WIP: Port replayer to Linux #49

PoroCYon · 2020-08-31T17:51:41Z

This one is absolutely not ready to be merged yet, but, I want to discuss a few things as I go along:

First of all, for SongRenderer and CriticalSection, I've been using pthreads and std::atomic instead of the winnt.h stuff, would it be a good idea to use std::atomic and std::thread on all platforms, or should I leave it as-is? Or might having the option to not use any multithreading at all whatsoever be desirable?
- Looks like std::thread will be quite a bit of work to use as its API isn't as elaborated as windows/pthreads. std::atomic looks promising, though.
Secondly, I've currently added GCC inline asm versions of the maths helper functions, and I'm not too satisfied about how the pow stuff works, would reworking this be a good idea? (cf. switch out fpuPow variants for fpuExp2 #37)
Thirdly: ~~although I haven't reached this stage at all yet,~~ would adding Vorbis or Opus or Speex sample support to Thunder and Specimen be a good idea? They aren't very bad at low bitrates, the decoding works a lot better than GSM on Linux, and the libraries for decoding these are installed by default on Ubuntu desktop.
- I have reached this stage now.
Fourthly: what about Adultery/gm.dls? Should a similar source of samples be used that's available on default Ubuntu installs? Should it be made optionally included and use a user-provided gm.dls, and not included in compo versions of WaveSabre?

P.S. if needed, I can separate the non-Linux-specific patches (eg. using std::atomic, reworking the maths routines, etc.) into separate PRs, then rebase this one on them.

Roadmap:

emoon · 2020-08-31T17:54:47Z

I would really take a look at size generated when including stuff such as std::atomic and std::thread as it may add extra overhead that isn't really needed.

PoroCYon · 2020-08-31T17:57:12Z

Very good point, but, I can't try this myself (I don't have any Windows machines myself), so, would anyone else be willing to test this?

(std::atomic is compiled directly to cmpxchg/lock xadd instructions, from what I've seen in gdb, but, I don't know about std::thread of course.)

PoroCYon · 2020-08-31T23:11:00Z

Hm, turns out using std::thread will need a nontrivial amount of work (w. signalling between threads) to have it working properly, as it can't shut down threads forcefully by itself.

…olutely unusable)

…zations, fix error printing in the standalone segfaulting (bad ferris!)

… renderthreads (unused yet, but will be useful for piping to alsa + select(2)/poll(2))
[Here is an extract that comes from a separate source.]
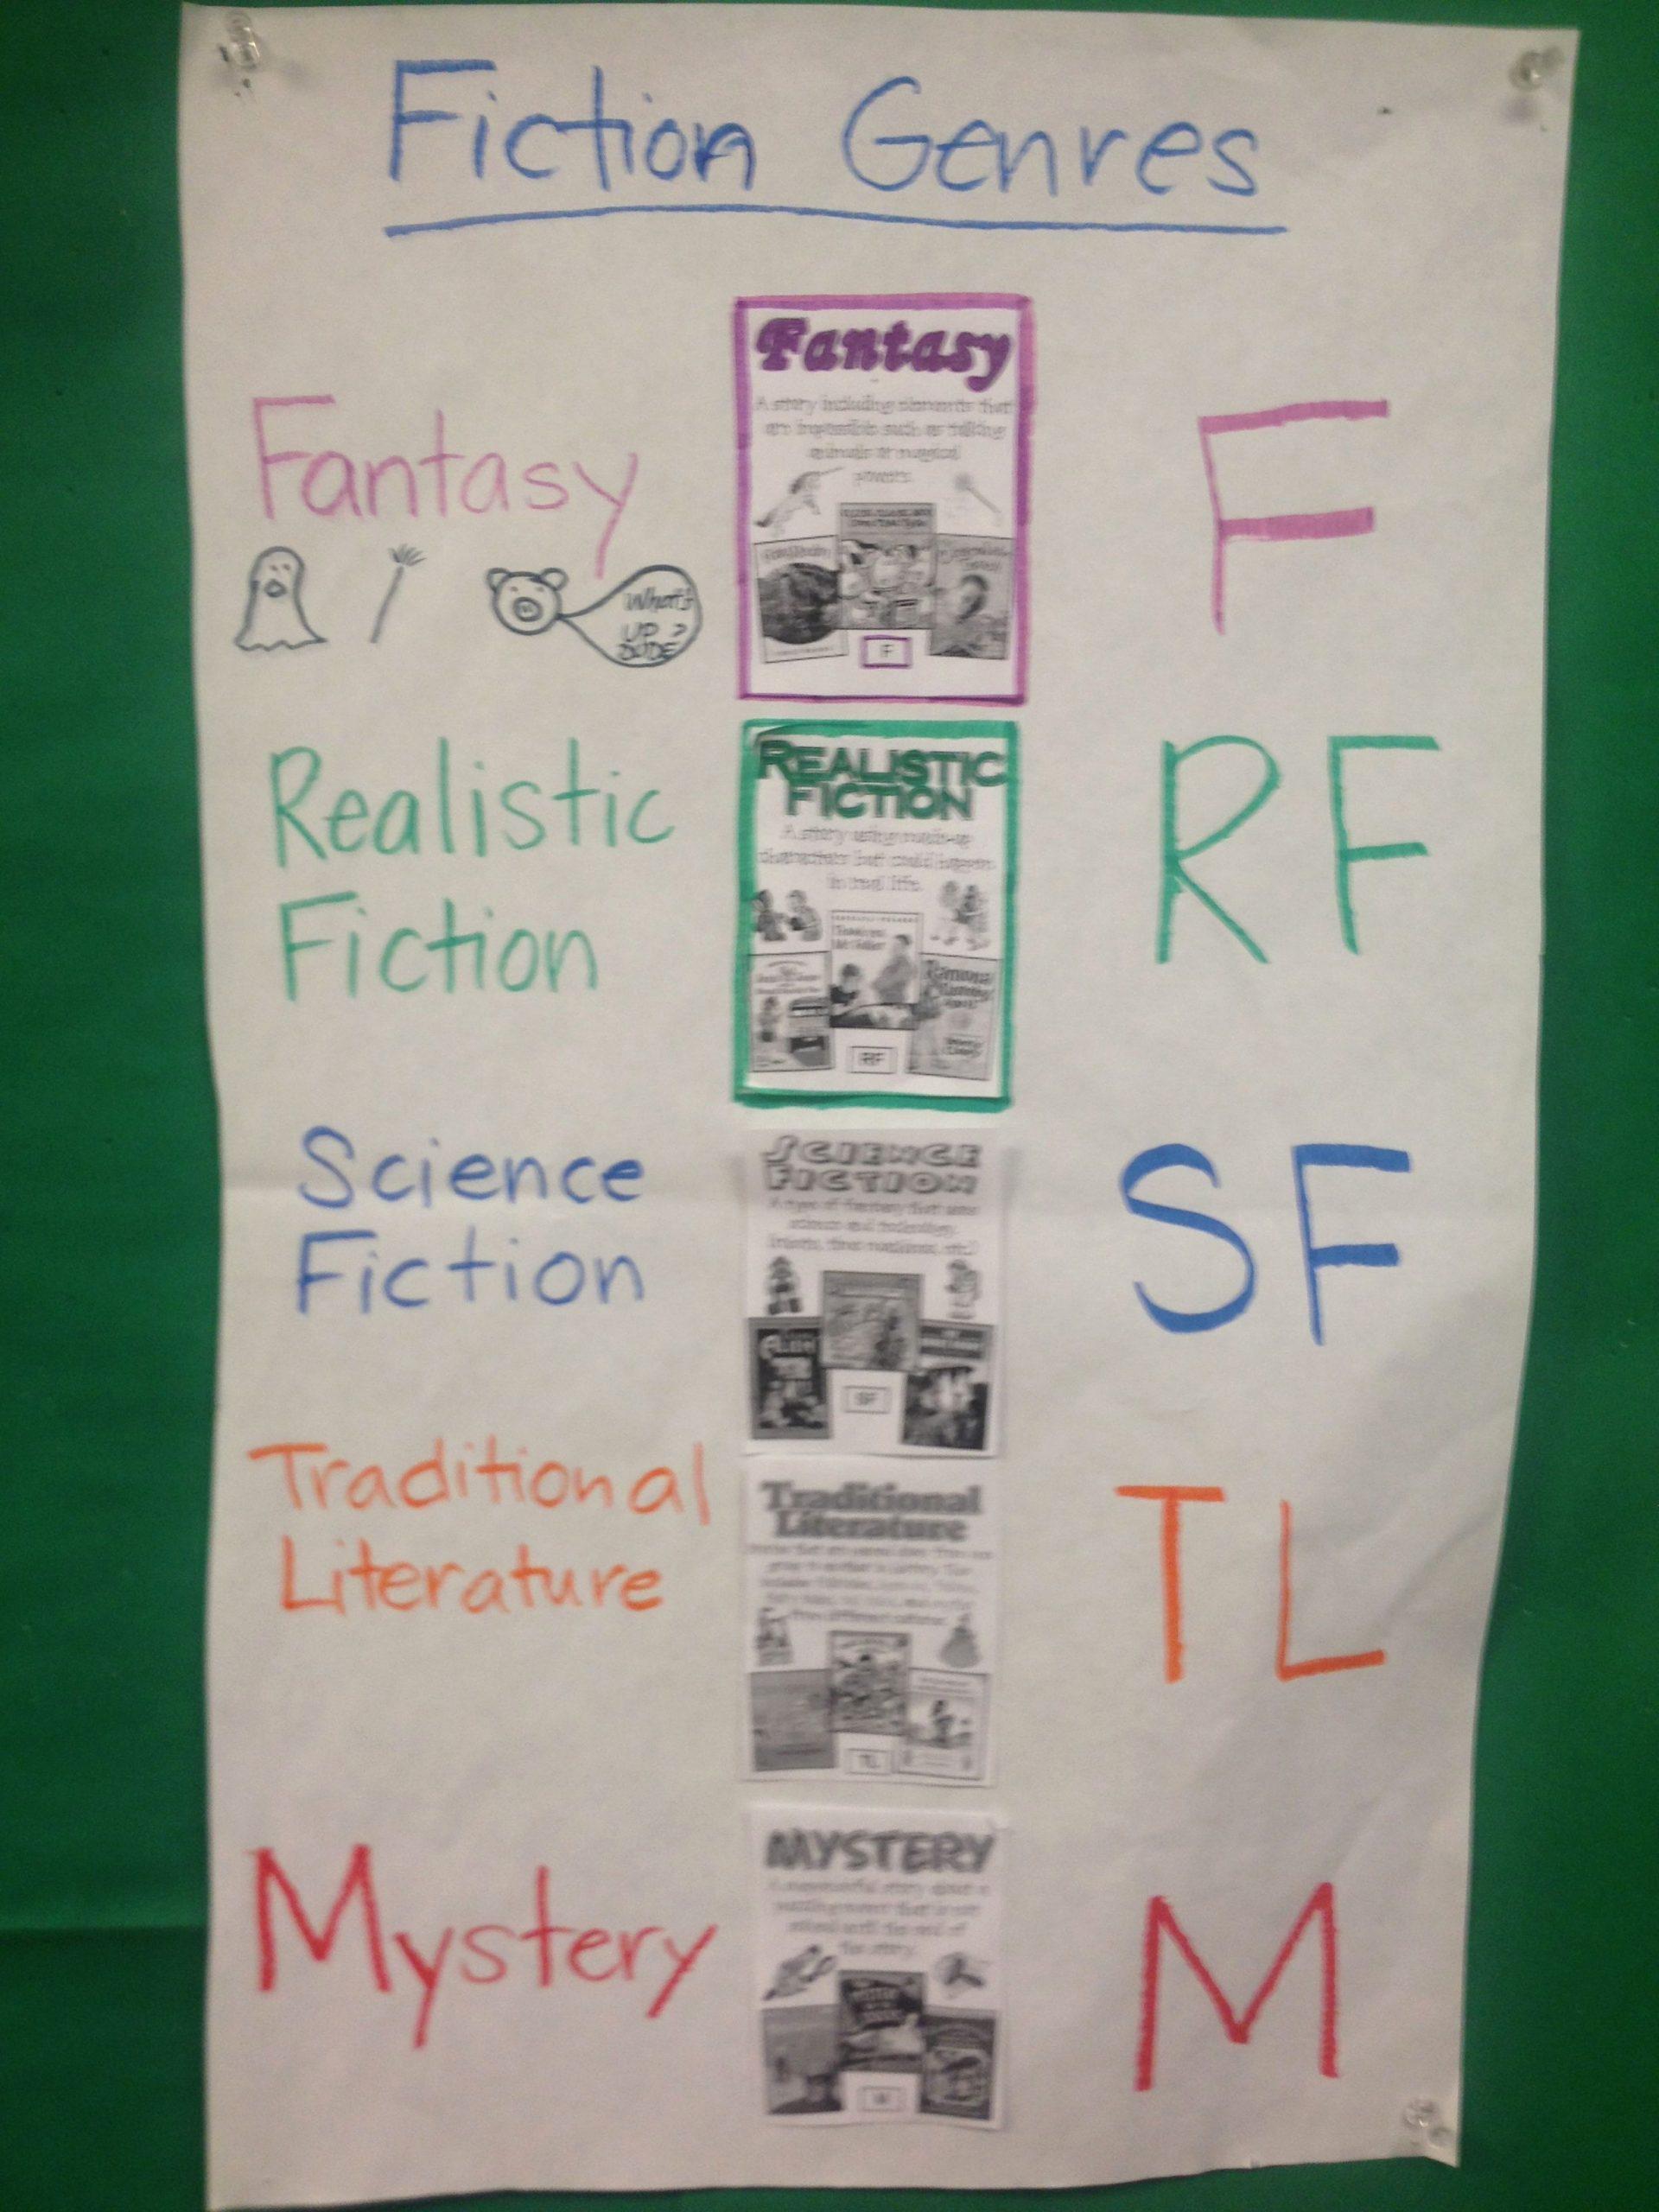 Genre Worksheets 4th Grade Unique Fiction Genres

PoroCYon · 2020-09-02T16:59:24Z

Seems that only FFmpeg and libgsm (the latter kinda) support the GSM 6.10 codec WaveSabre uses, and neither are available by default on Ubuntu. Opus, Vorbis and Speex are available, however. So I'm thinking of doing the following:

Optionally enable GSM 6.10 decoding using FFmpeg (disabled in compo builds, always enabled on Windows using ACM)
Add Opus (and maybe Vorbis and Speex) support to the device and VST exporter code
- IME it's possible to lose a few hundered bytes/sample without losing (much) in quality, with Ogg container overhead, but without intro packer. (Just comparing two files on my filesystem that are playable by FFmpeg.)
- Sample format can probably differentiated by using different values for the first two bytes in the sample data, which is the WAVE format number for GSM anyway.
- Opus encoding and decoding seems to be supported by Windows' Media Foundataion API as well, as of Windows 10. As it seems to perform better (size-wise) than Vorbis and Speex as well, it probably makes sense to not use the latter two.
  - So, optionally enable Opus encoding/decoding on Windows using MF, and have libopus decoding enabled by default on Linux.
  - Maybe also provide a libopus encoding fallback for earlier Windows versions?

Thoughts?

yupferris · 2020-09-02T19:03:33Z

Thanks for looking into this. Some thoughts:

I believe some of this work may overlap some of the work that's already been done/is being done by @kusma / @alkama / others. This topic comes up sometimes in the #development channel in our slack, usually under the broader umbrella of supporting both mac and linux to some degree. I got the impression from the demoscene discord that you weren't interested in slack, which is unfortunate, as it would be nice to try and coordinate these efforts. It's not crucial, though; I'm happy to accept helpful changes either way.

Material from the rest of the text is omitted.